What can I do in case of disagreement with the resolution of my claim?

What can I do in case of disagreement with the resolution of my claim?

WHAT CAN I DO TO GET PAID WHAT IS FAIR?

What if I disagree with the offer made by the insurance company?

How can I claim or enforce my rights in the event that the insurer does not want to pay me what I think is my due?

What are the ways to claim our insurer ?

The most important moment in an insurance contract is when it has to proceed to compensate me for the damages I have suffered. At that time, the insurer must be liable for the coverage that I have contracted and, therefore, must, after assessing the damages, proceed to compensate me in the best way allowed by the signed contract.

At that time, the insurer must send me an offer of compensation, which I must accept.

In most cases this happens automatically and with the full satisfaction of the insured, but…. Sometimes not. Sometimes, I will not agree with the compensation that the insurer proposes to me.

What can I do in those cases?

In principle, “those cases” can be reduced to 3 situations:

  • The claim is not covered : the insurer rejects your compensation and, therefore, does not offer any amount of money, or repair of the damages incurred.
  • The loss is covered, but…: The capital we have insured is not enough to cover the value of the damaged goods. The insurer offers us partial compensation for the damages.
  • The claim is covered, but…. The declaration of the insured assets does not adjust to reality: the activity, the situation, the protections or other risk factors that the insurer asked us about when contracting the policy, do not adjust to reality. The insurer offers us partial compensation for the damages.

Okay okay, but what do I do?

First verify that our disagreement has a basis and that this basis indicates that we are right. That the errors invoked by the insurer are not such, or that they are attributable to it. Your Insurance Broker has the obligation to help you in this step. It is one of its fundamental duties, to advise the insured in the processing of the claim.

The first possibility that we can go to is the judicial route , but it is not recommended due to the time and money it costs.

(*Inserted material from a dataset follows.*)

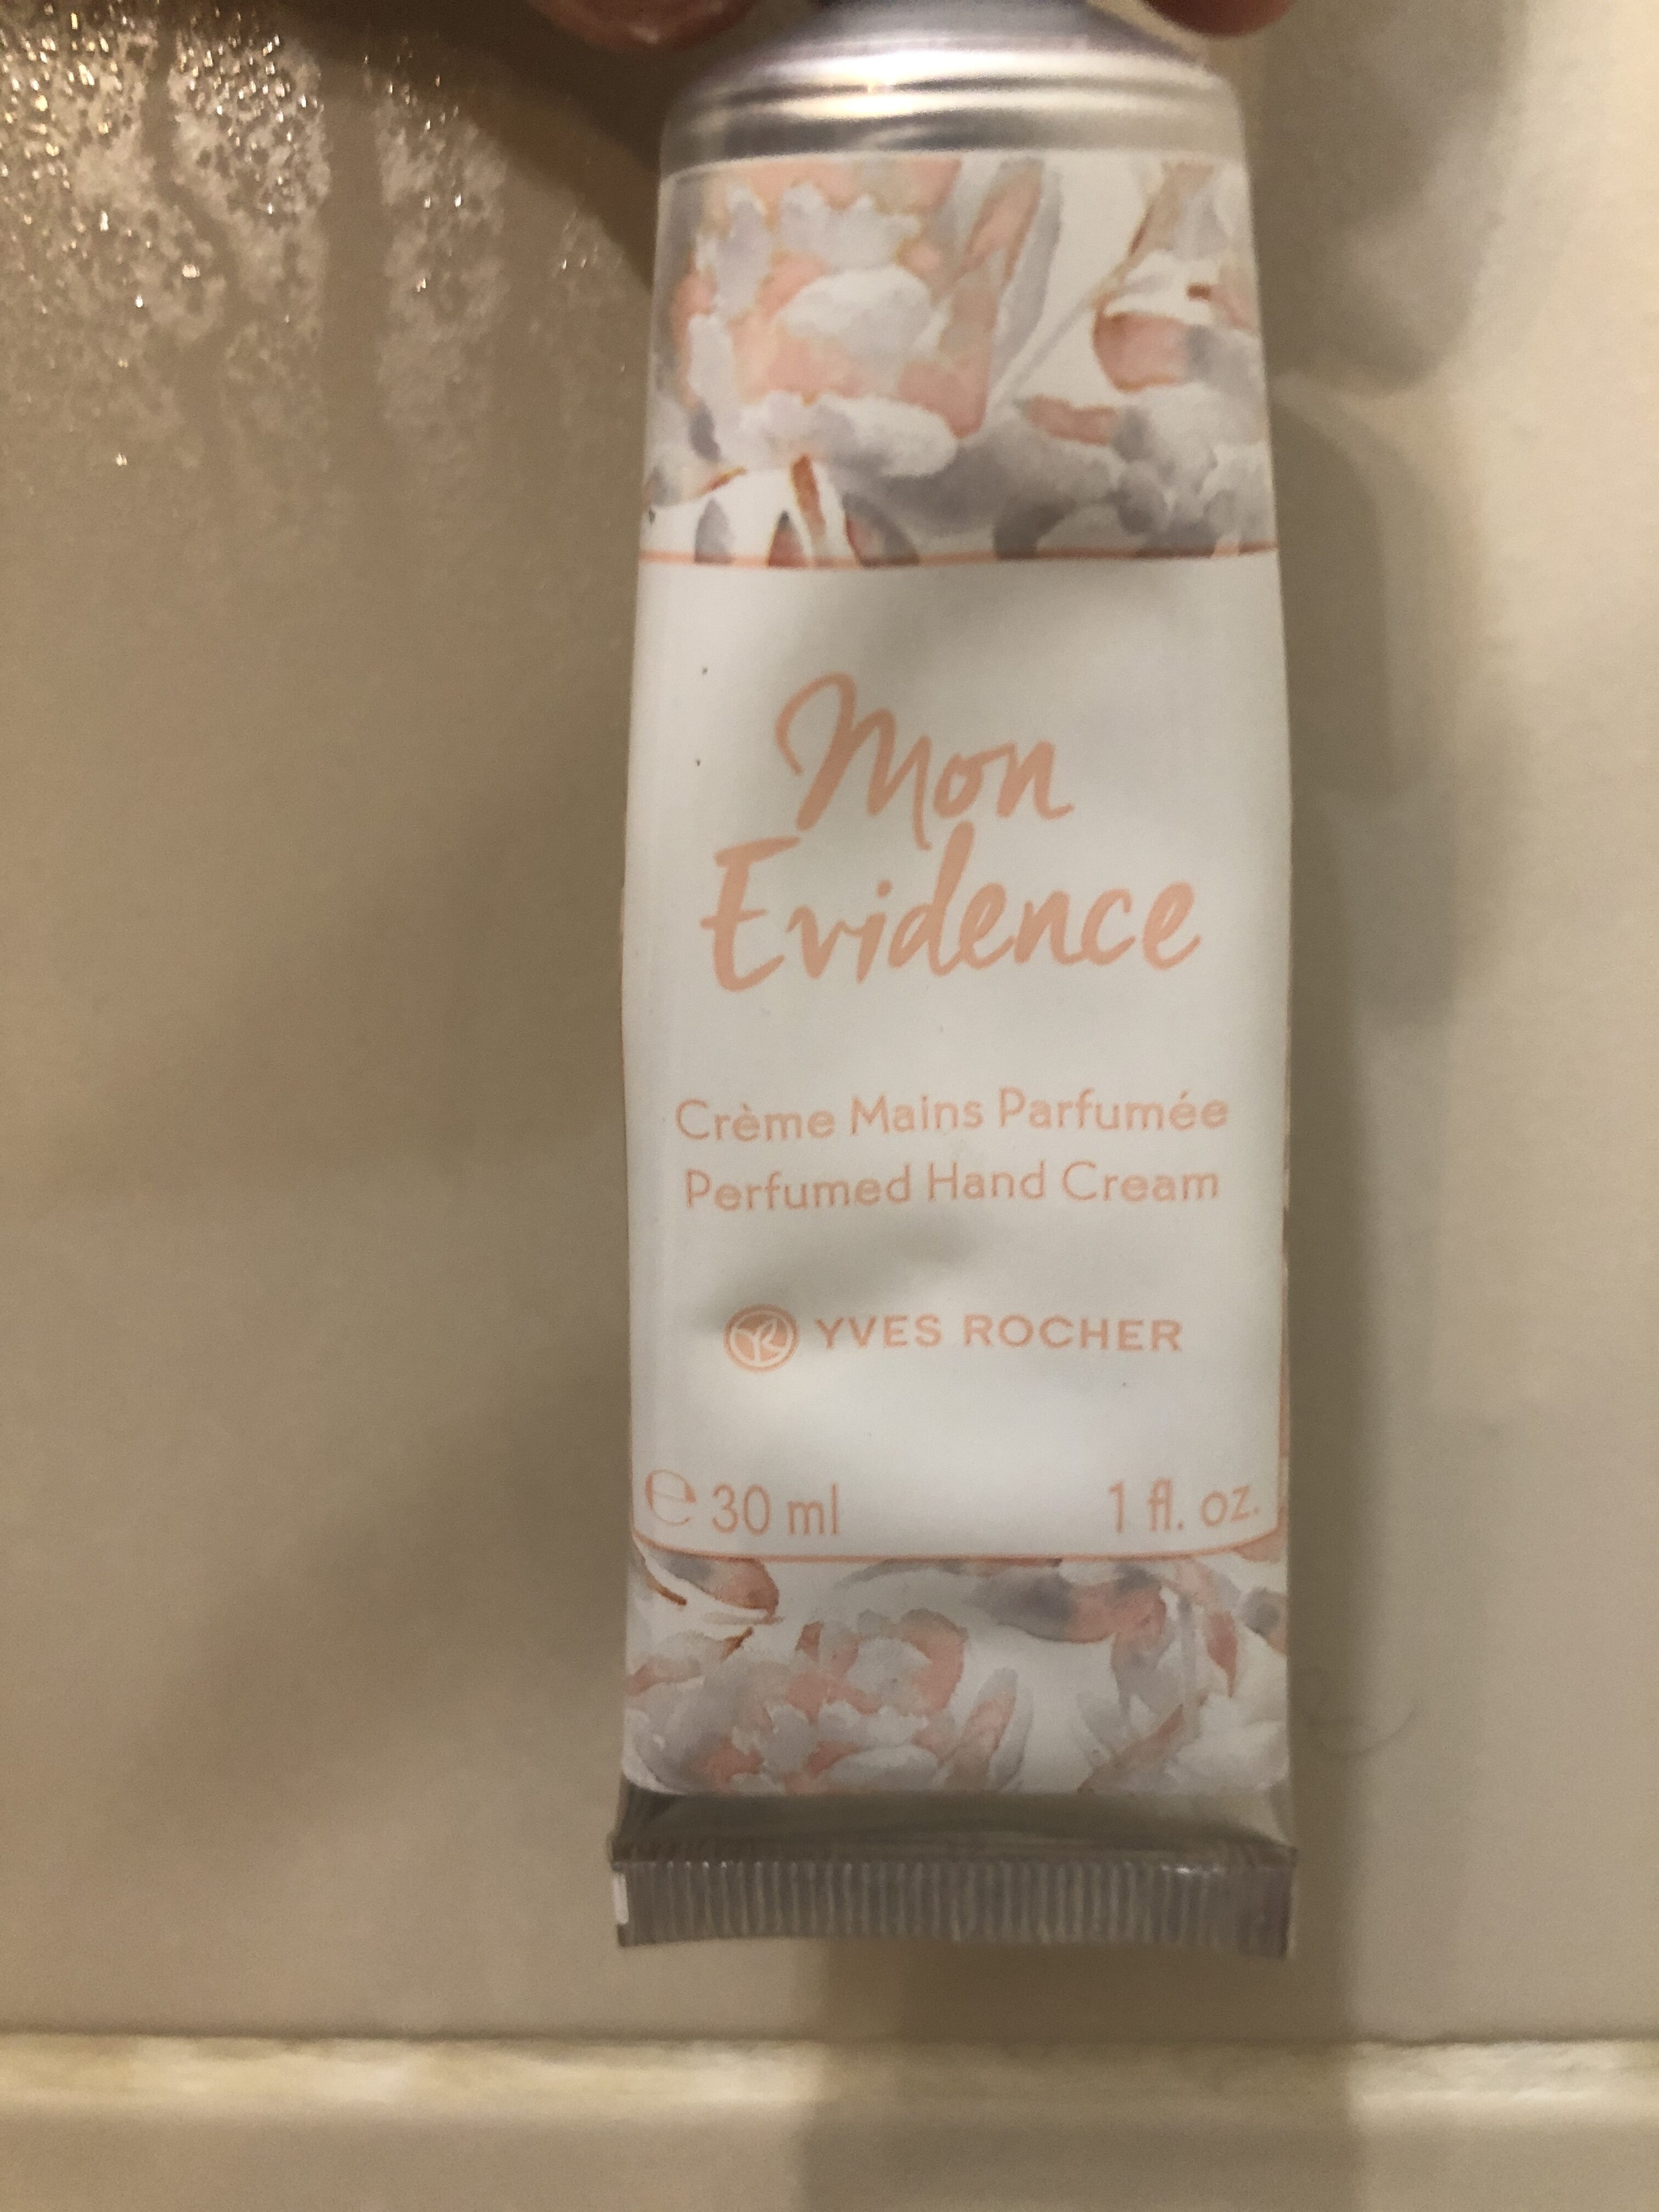 Crème mains parfumée - Produkt - fr
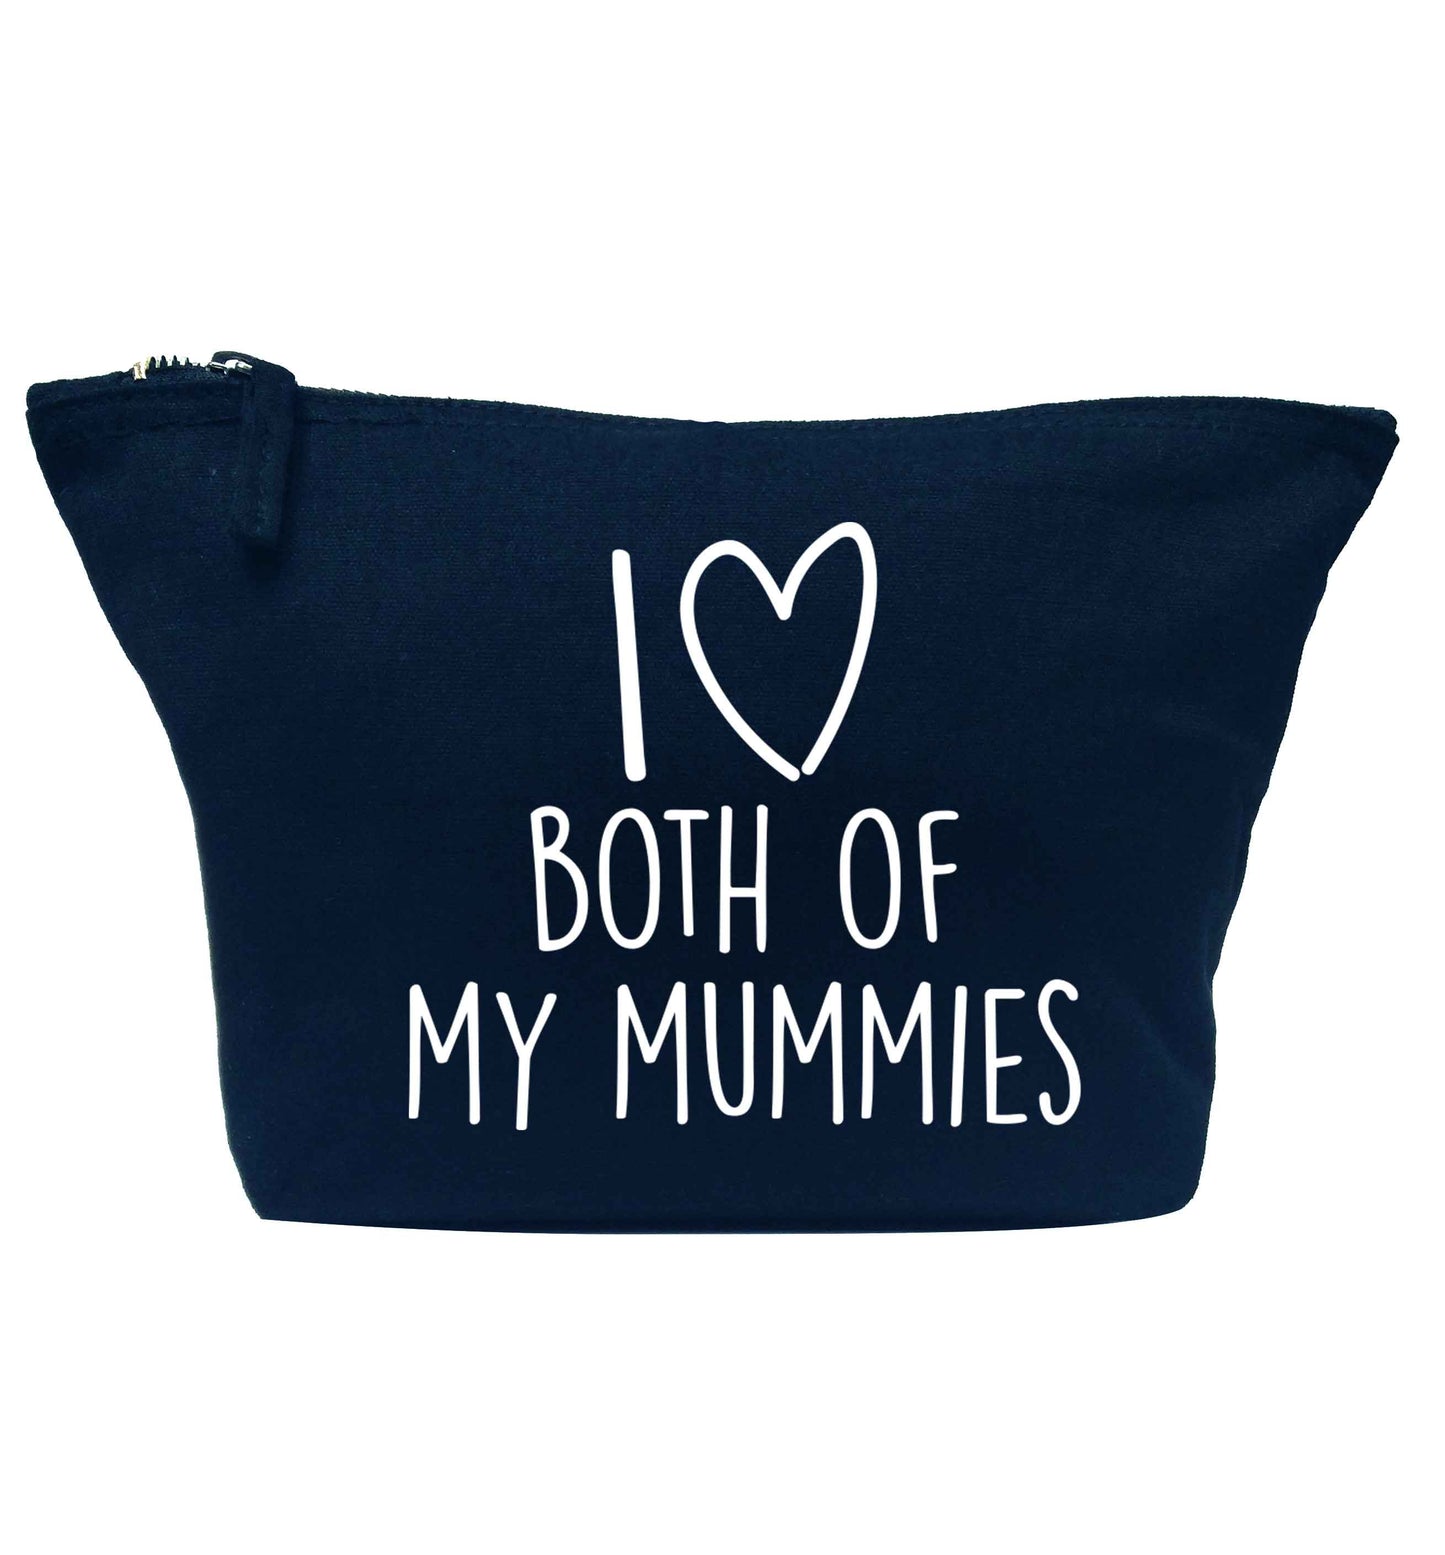 I love both of my mummies navy makeup bag

The other possibilities are mainly 3:

  • Apply the provisions of article 38 of the Insurance Contract Law, regarding the appointment of an expert who represents the insured and who, as such, defends our rights against the insurer. The same article establishes the appointment of a 3rd. expert in case of disagreement with the previous two. It is a mandatory procedure, before going to court, for disputes related to the amounts or limits of coverage of the policy.
  • The second possibility is to go to the Customer Service Department or to the Insured’s Ombudsman that the insurance companies have, and whose resolution is binding for them, but not for the insured.
  • Finally, you can go to the General Directorate of Insurance and Pension Funds DGSFP ) , which has a mechanism to defend the interests of the insured. This instance cannot be accessed without having previously tried the arrangement through the Customer Service department of the corresponding insurer.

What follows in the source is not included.